Exercise:
Return the data below exactly, minus the pictures.

Collected material:
************
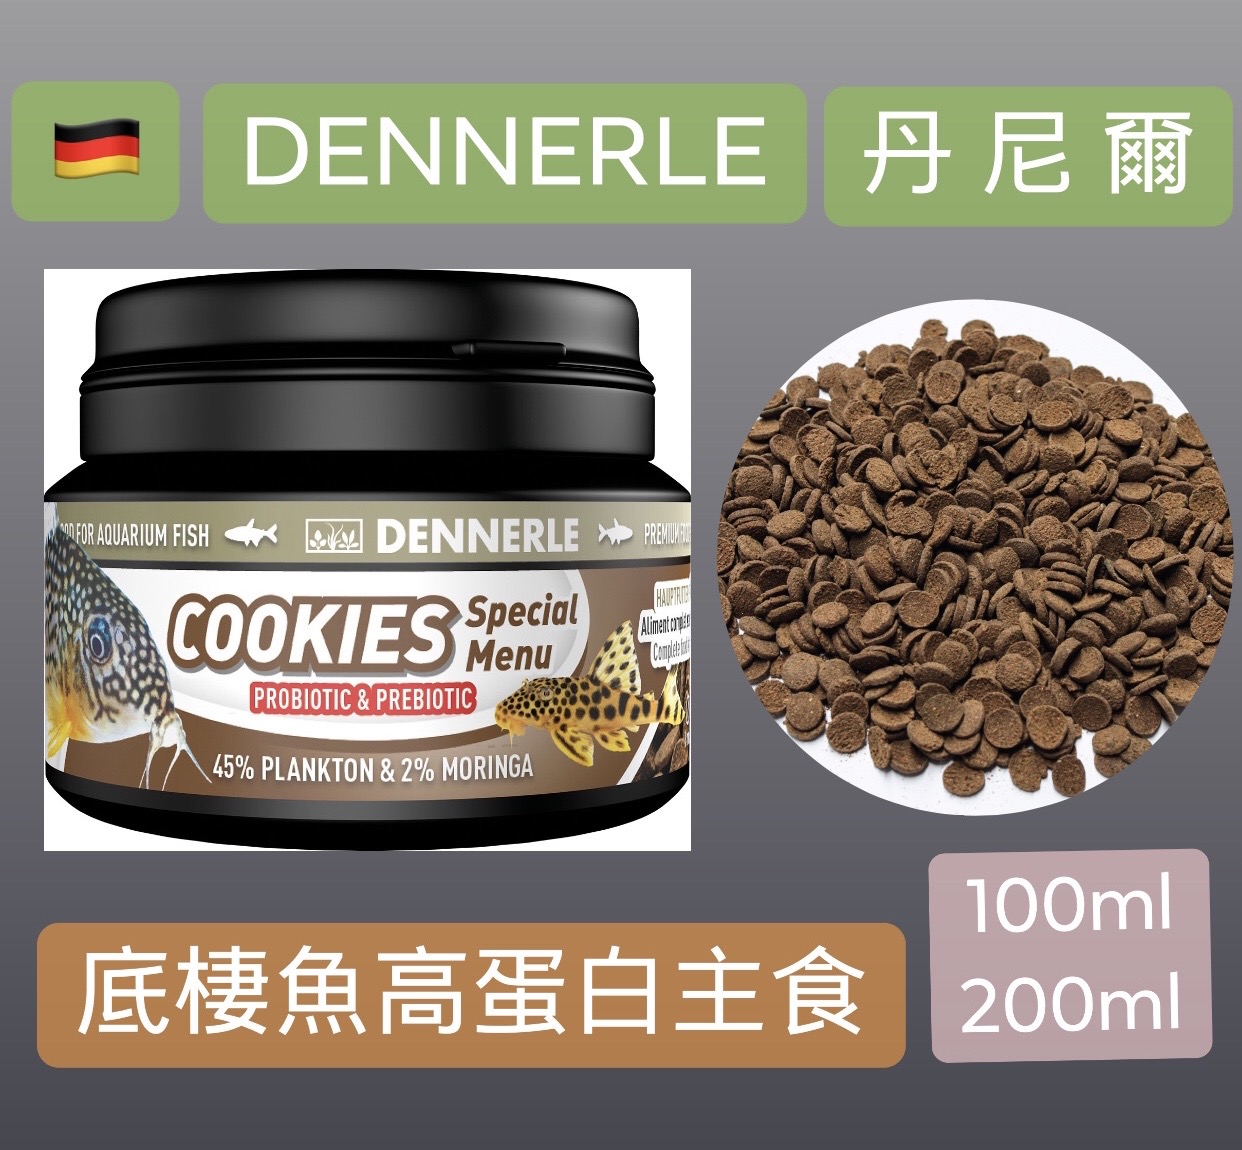 DENNERLE Cookies SpecialMenu, 100ml
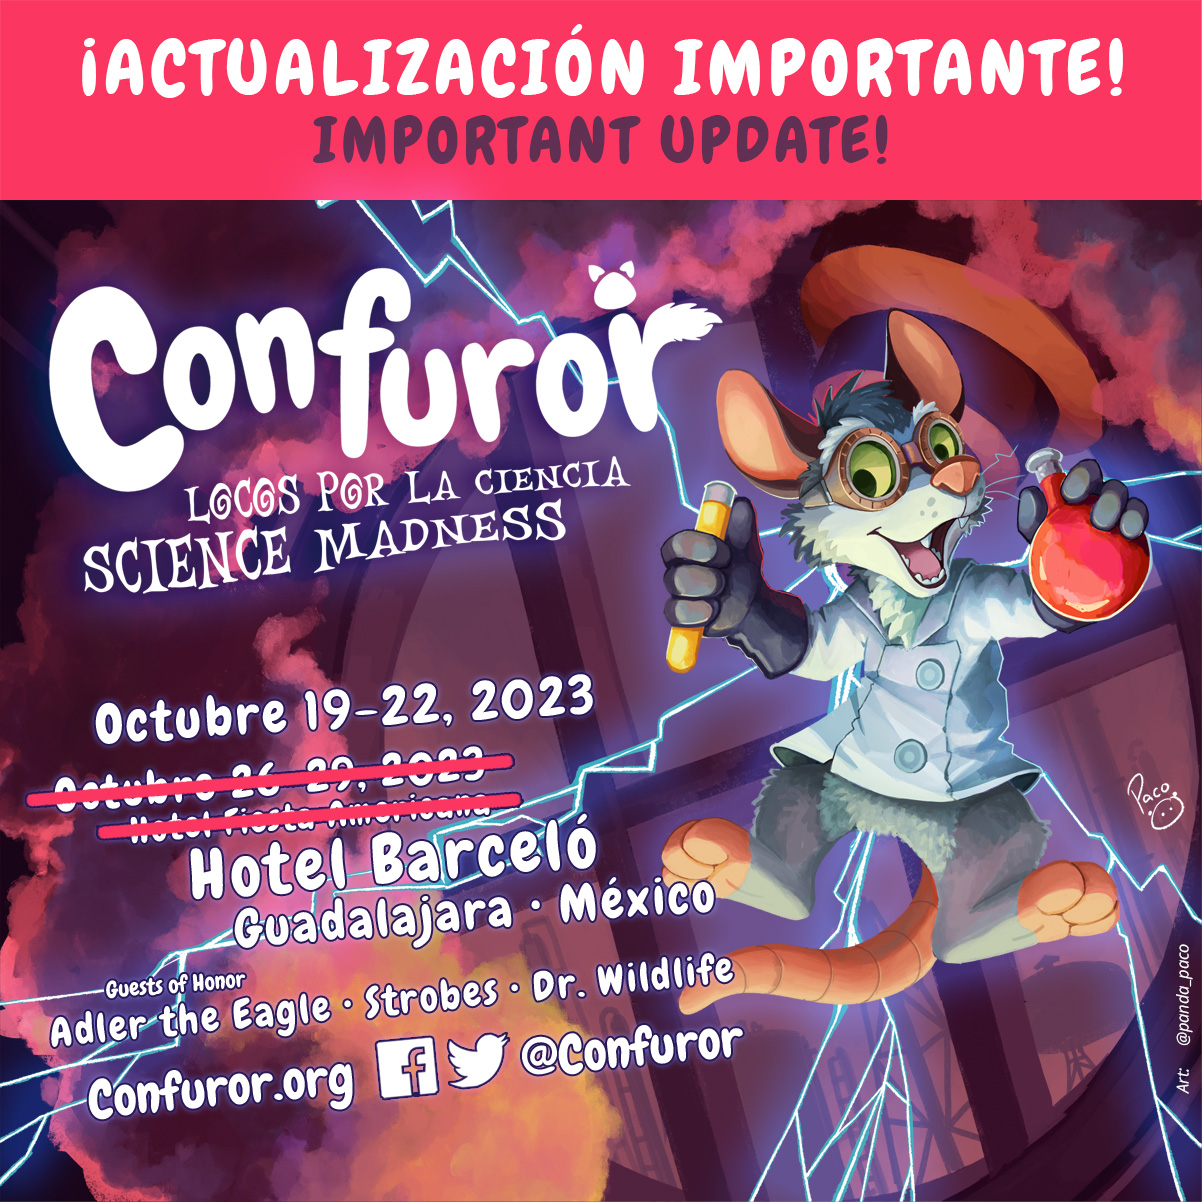 New Venue and Dates: October 19 to 22, 2023; Hotel Barceló Guadalajara
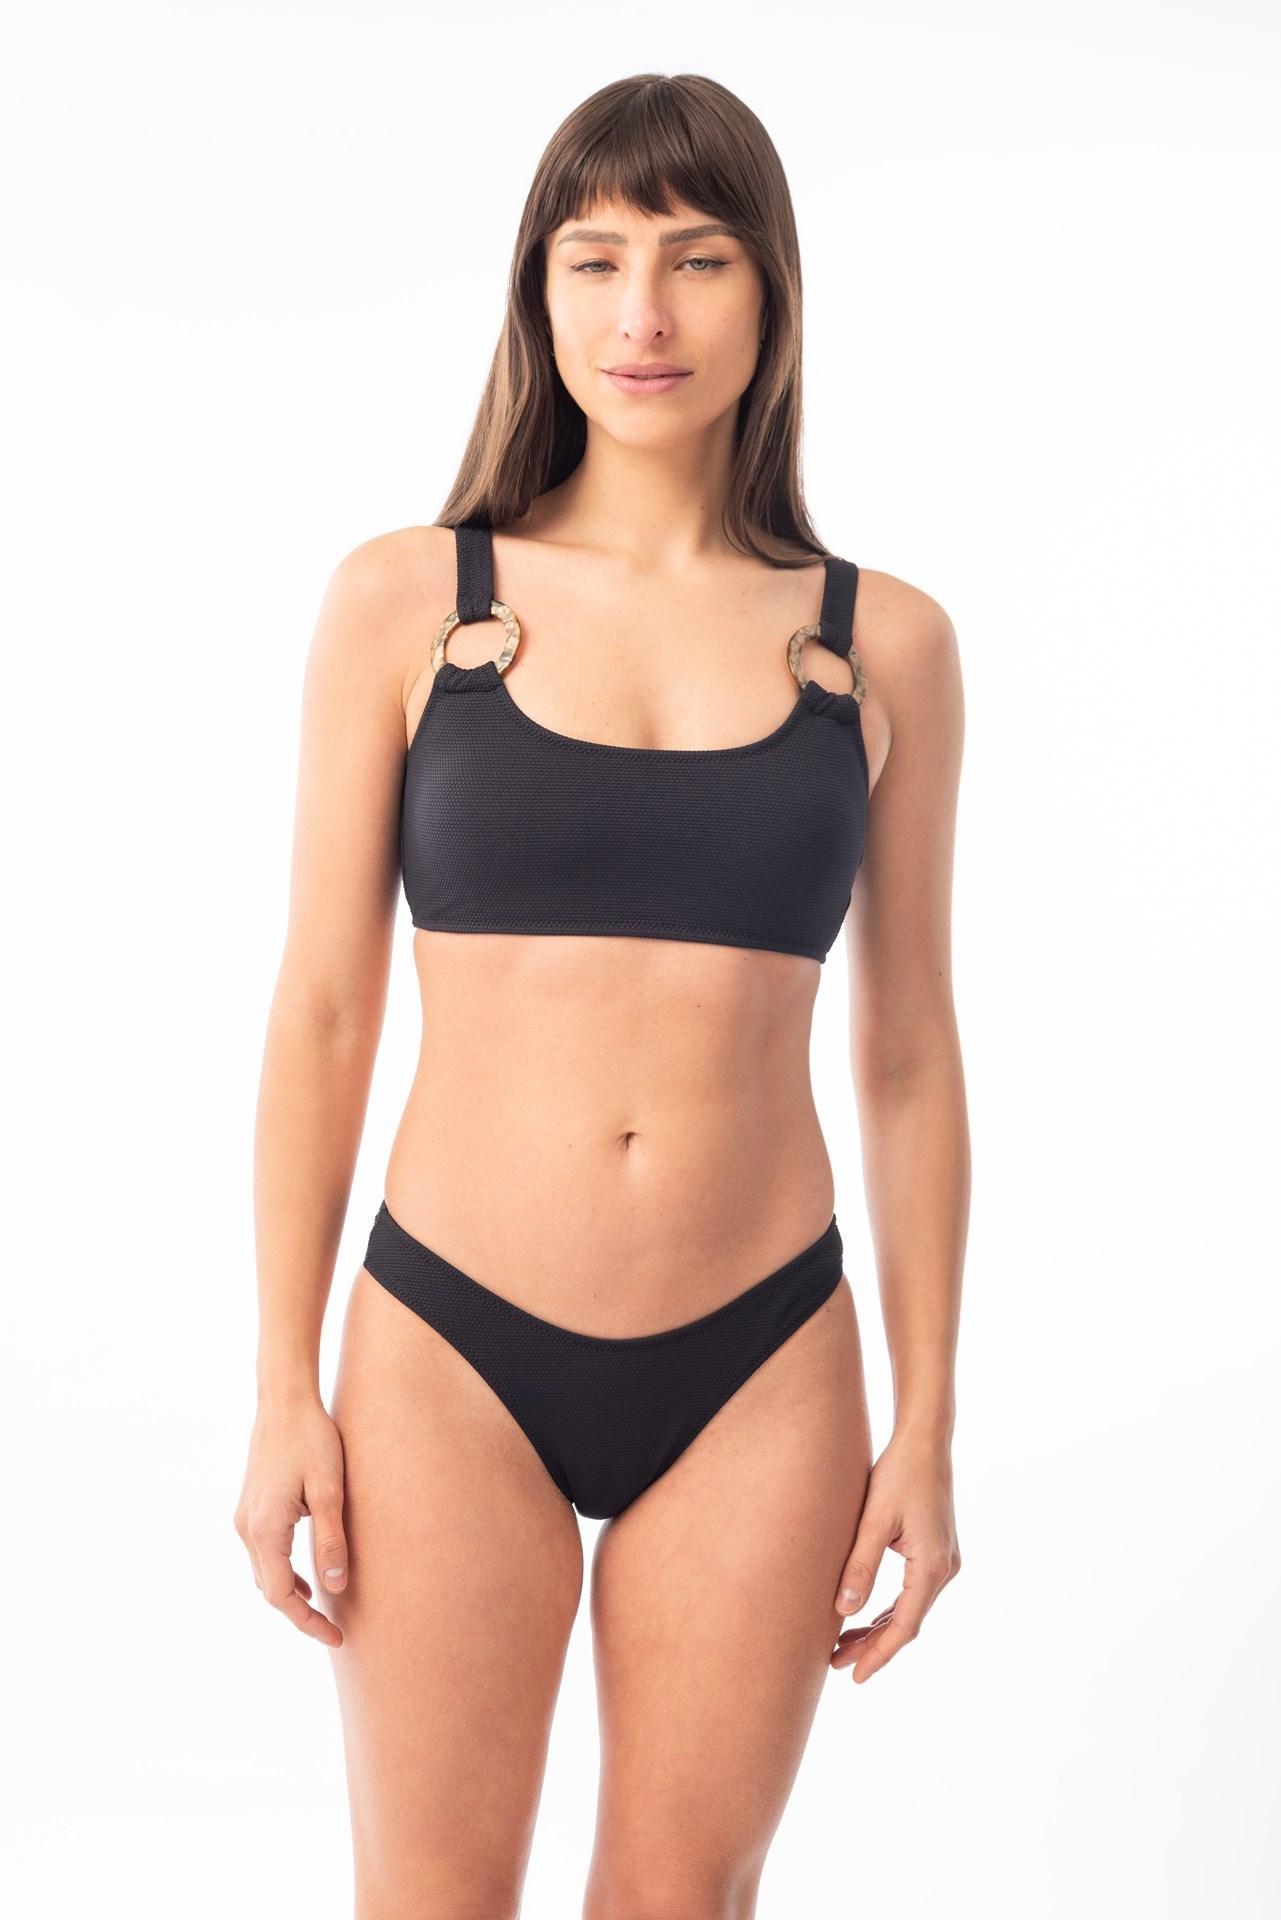 Paraiso- Bikini Top con Argollas negro m
************
Answer section:
 DENNERLE Cookies SpecialMenu, 100ml
 New Venue and Dates: October 19 to 22, 2023; Hotel Barceló Guadalajara
 Paraiso- Bikini Top con Argollas negro m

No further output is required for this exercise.